Ganetespib-Docetaxel Combination Improves Survival

Targeted Therapies in OncologyJuly 2013
Volume 2
Issue 4

Salvage therapy combining the novel Hsp90 inhibitor ganetespib with docetaxel significantly improved OS in some patients with NSCLC in the phase IIb/III GALAXY- 1 trial.

Suresh Ramalingam, MD

Salvage therapy combining the novel heat shock protein 90 (Hsp90) inhibitor ganetespib with docetaxel significantly improved overall survival (OS) in some patients with non-small cell lung cancer (NSCLC) in the phase IIb/III GALAXY- 1 trial. The results were presented at the 2013 Annual Meeting of the American Society of Clinical Oncology (ASCO).
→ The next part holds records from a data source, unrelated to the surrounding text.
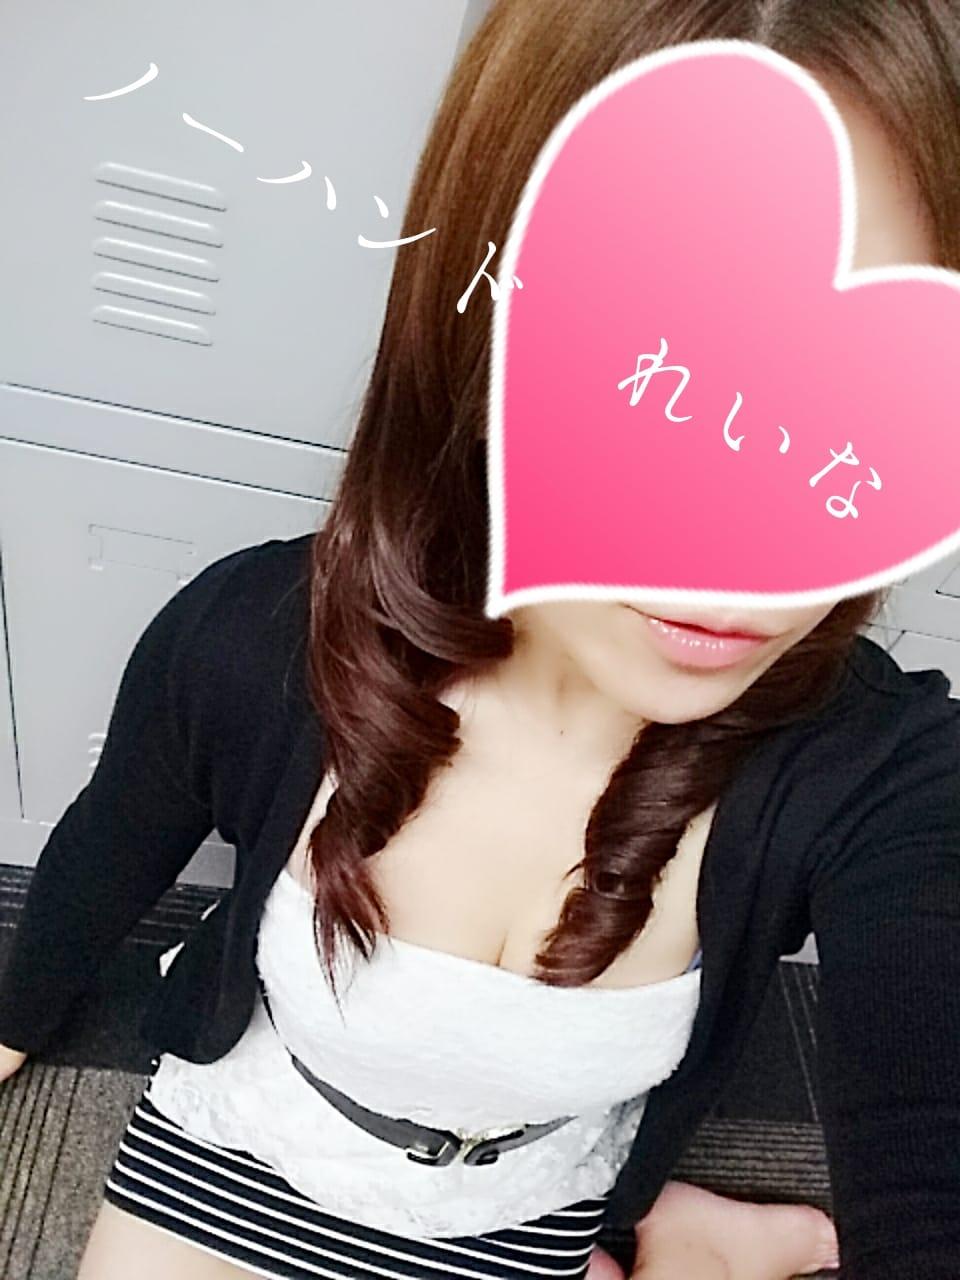 「すみませんm(_ _)m」01/25(木) 17:17 | れいなの写メ・風俗動画
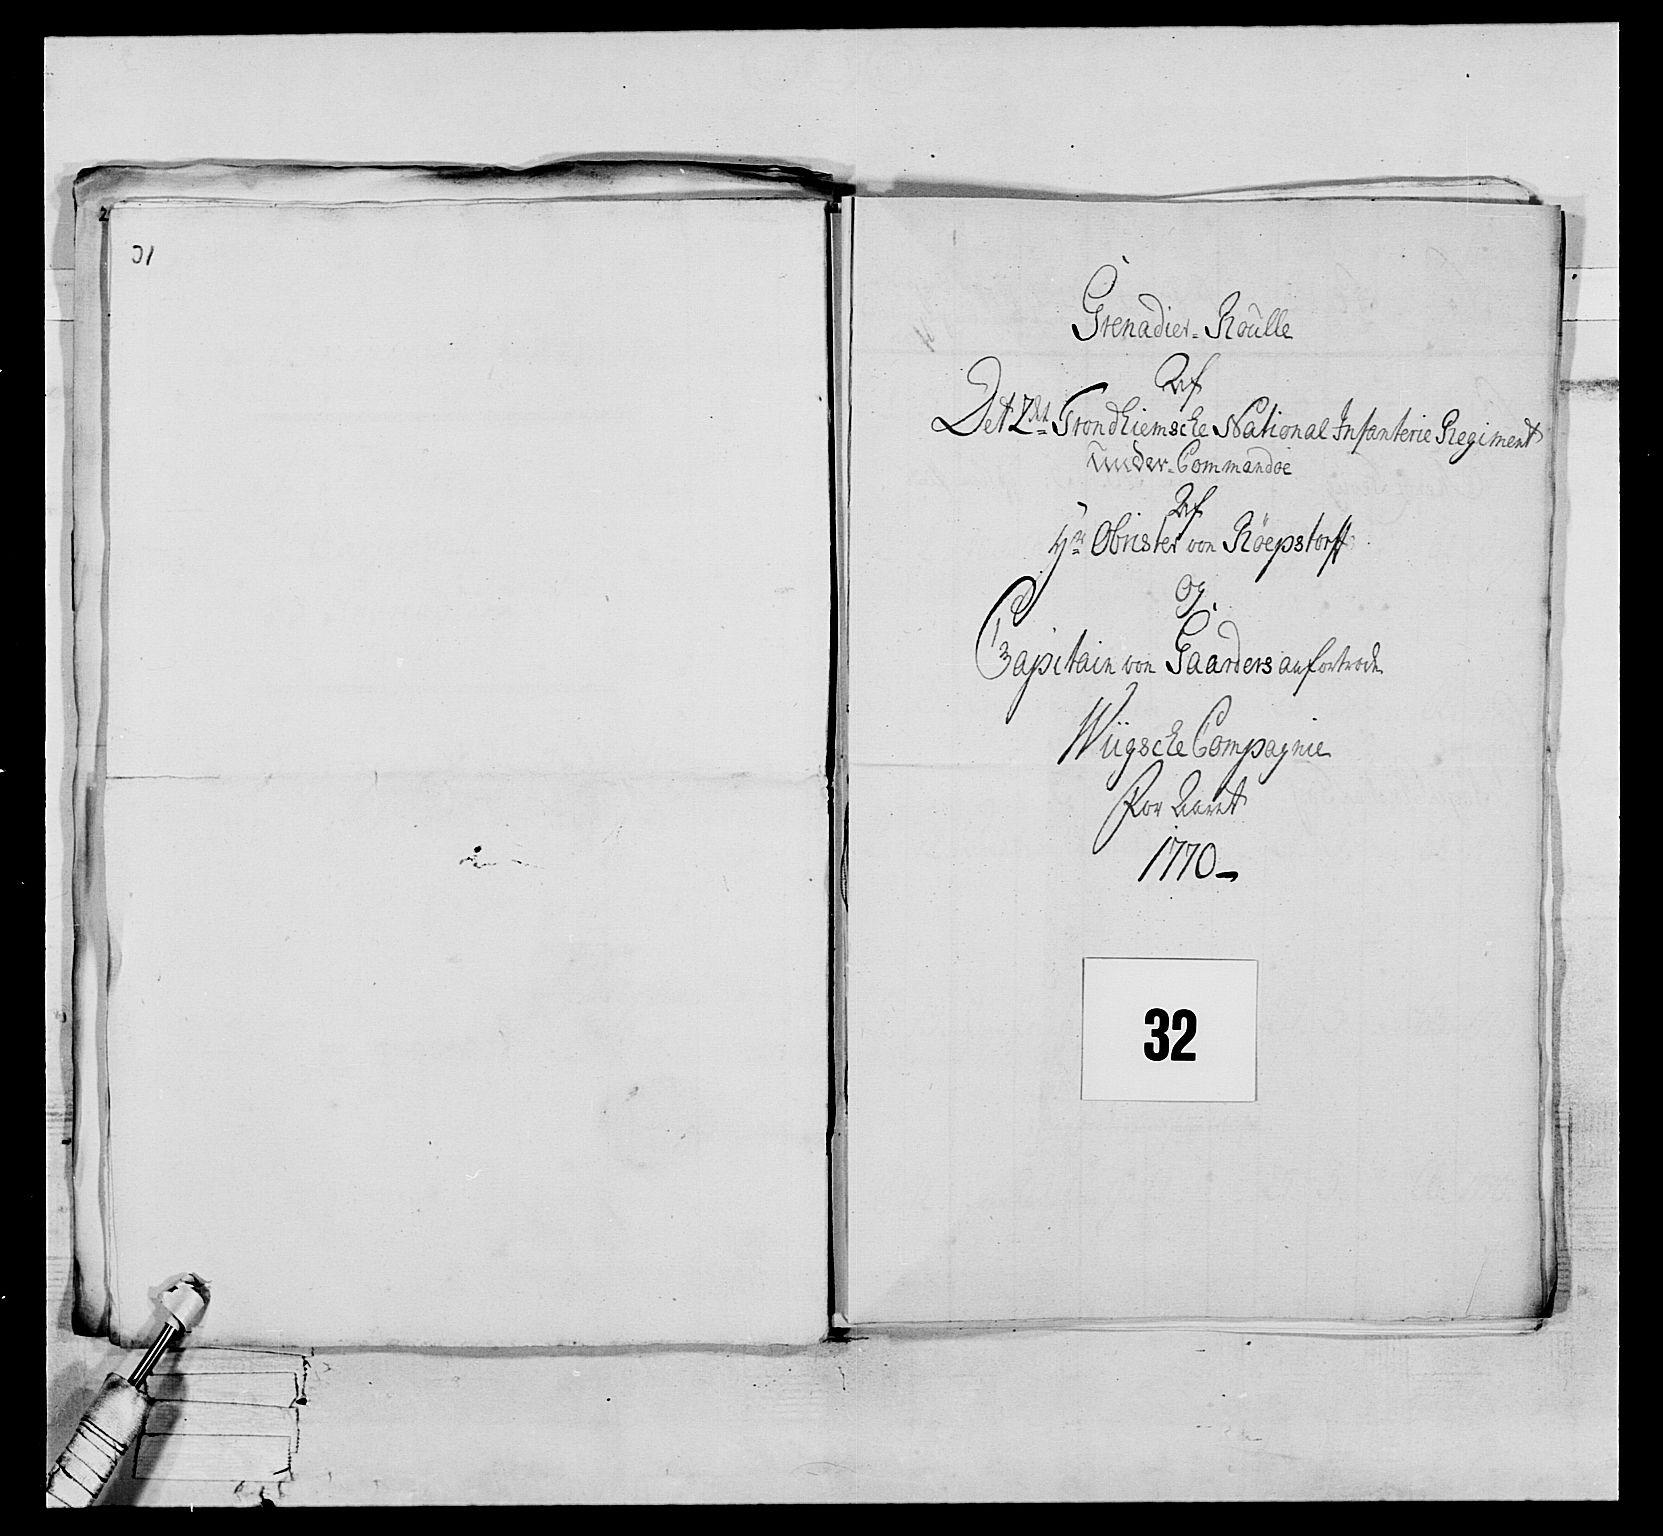 RA, Generalitets- og kommissariatskollegiet, Det kongelige norske kommissariatskollegium, E/Eh/L0076: 2. Trondheimske nasjonale infanteriregiment, 1766-1773, s. 93
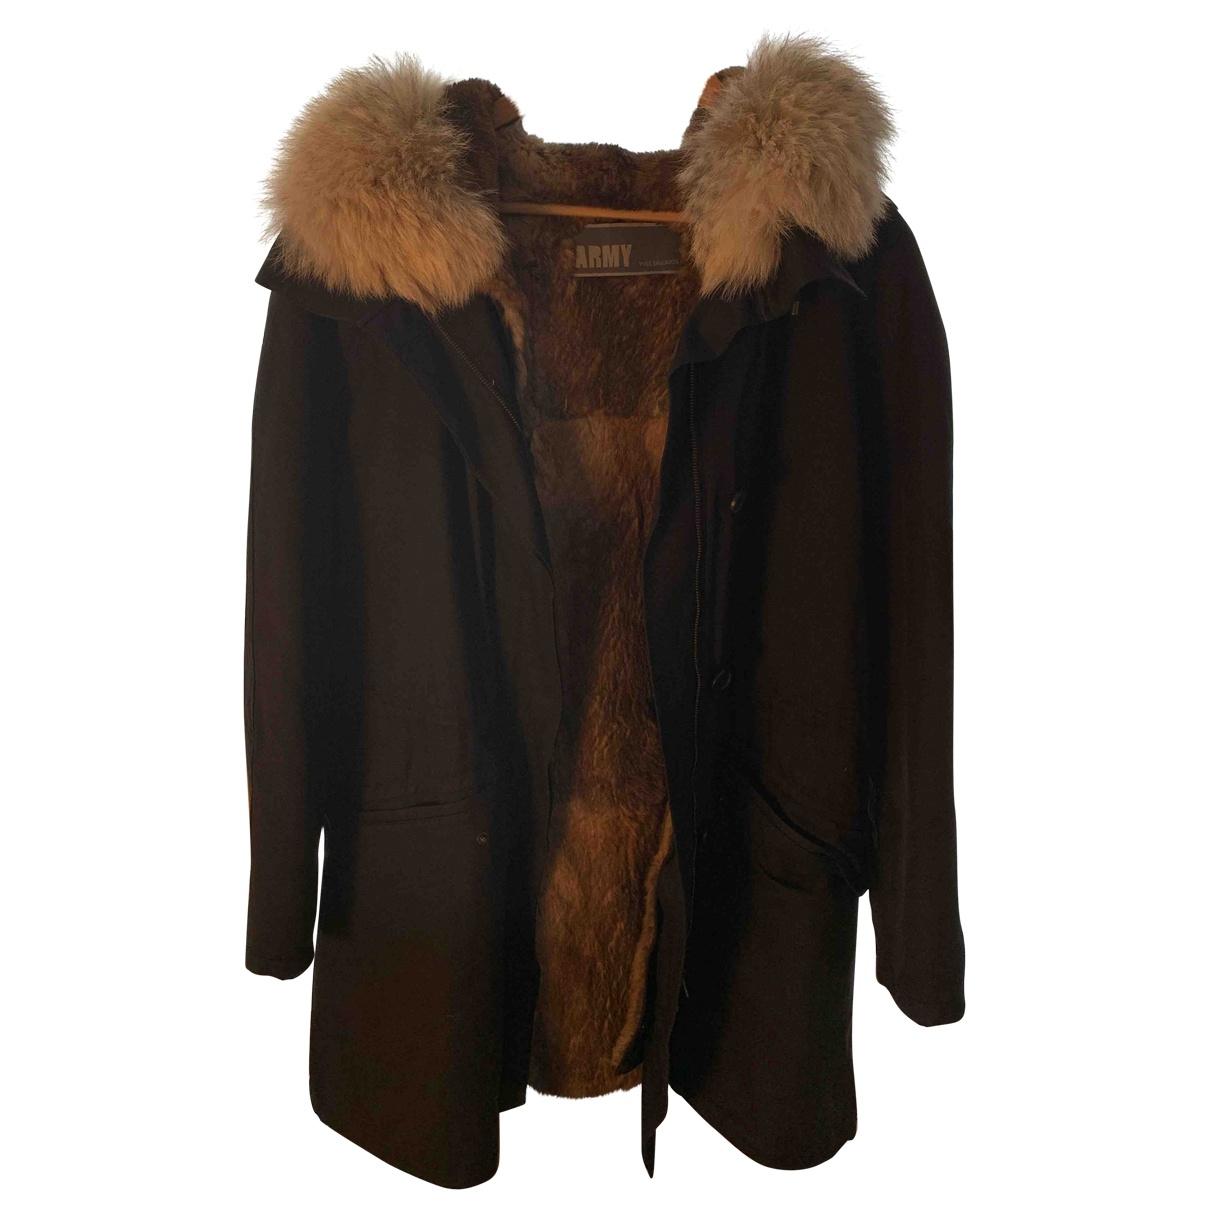 Army - Manteau   pour femme en lapin - marine

“This is the first randomized trial to document improvement in efficacy of an Hsp90 inhibitor in patients with cancer,” said Suresh Ramalingam, MD, professor of Hematology and Medical Oncology, and director of the Division of Medical Oncology at the Winship Cancer Institute of Emory University in Atlanta, Georgia. Hsp90 belongs to a class of proteins known as “chaperones,” which help other proteins—including those involved in cancer growth— assume the proper shape needed to perform their biologic functions.

The phase II, open-label GALAXY-1 trial randomized 252 patients with stage III/ IV lung adenocarcinoma 1:1 to docetaxel alone (75 mg/m2 on day 1 of a 3-week cycle; n = 127) or the same dose of docetaxel plus ganetespib (150 mg/m2 on days 1 and 15; n = 125).

There was a nonsignificant improvement in OS in the ganetespib arm versus the control arm (9.8 vs 7.4 months; hazard ratio [HR] = 0.82; P = .082). There was also a trend toward improved progression-free survival (PFS) (4.5 months for ganetespib vs 3.2 months for the control group; HR = 0.84; P = .038).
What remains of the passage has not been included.